Anlama yeteneği bakımından birbirinin dengi olan iki kişiden izan sahibi olanla izansız olan arasındaki fark onların uygulamaya dönük yaşantılarında hemen fark edilir. İkisi de iyi derecede otomobil sürücüsünden izan sahibi olmayan güzergâh boyunca her kırmızı ışığa yakalanır; izan sahibi olansa hızını ayarlayarak güzergâhta kırmızı ışığa yakalanmadan bütün kavşaklarda yeşili yakalayarak geçer.
Hayatında bir tek gün yolu siyasetten geçmemiş birinin seçim zamanı gelince aday olmaya heveslenmesi de izan kavramıyla izah edilmeli. O, kendi yeteneğinin, deneyiminin sınırını kestiremiyor, çünkü izandan yoksun... Aday olamayacağı daha başından belli. Fakat o bunu göremiyor; bir kere denesem ne olur, diyor. Bir şey kaybetmeyeceğini düşünüyor.
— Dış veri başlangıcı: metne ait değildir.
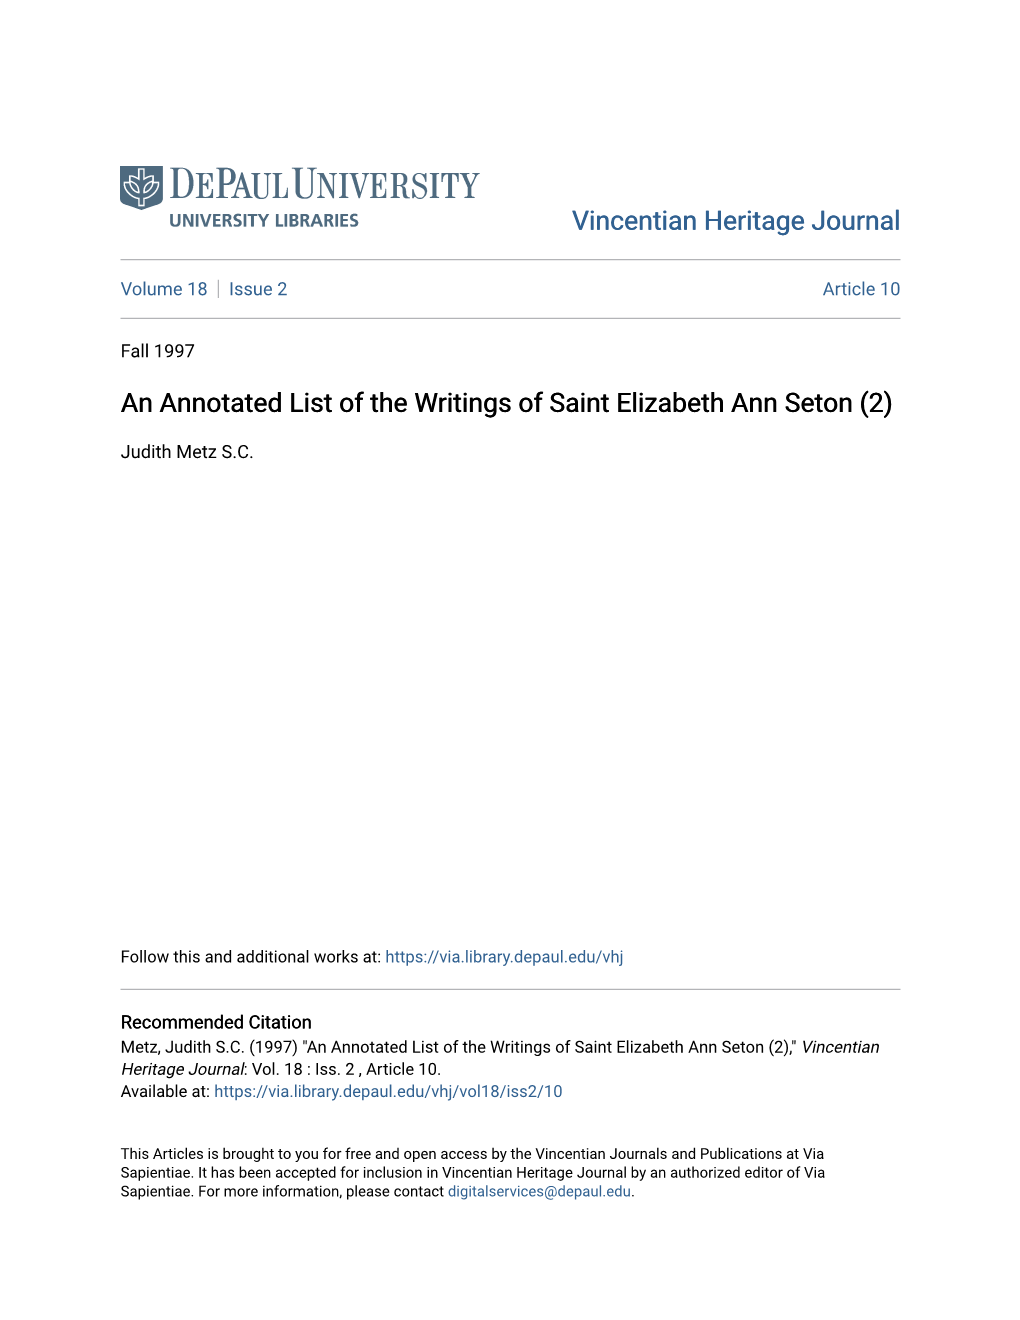 An Annotated List of the Writings of Saint Elizabeth Ann Seton (2)

Onun bu tutumu Nasrettin Hoca’nın göle maya çalmasından farklı değil... Hoca, göle maya çalıyor, ama yaptığı işin sonucunu da biliyor. Oysa beriki, Hoca’nın bildiği sonucu kestiremiyor. Ya tutarsa yerine, illa tutsun istiyor. İşte izan, tam da bu noktada işe yarıyor.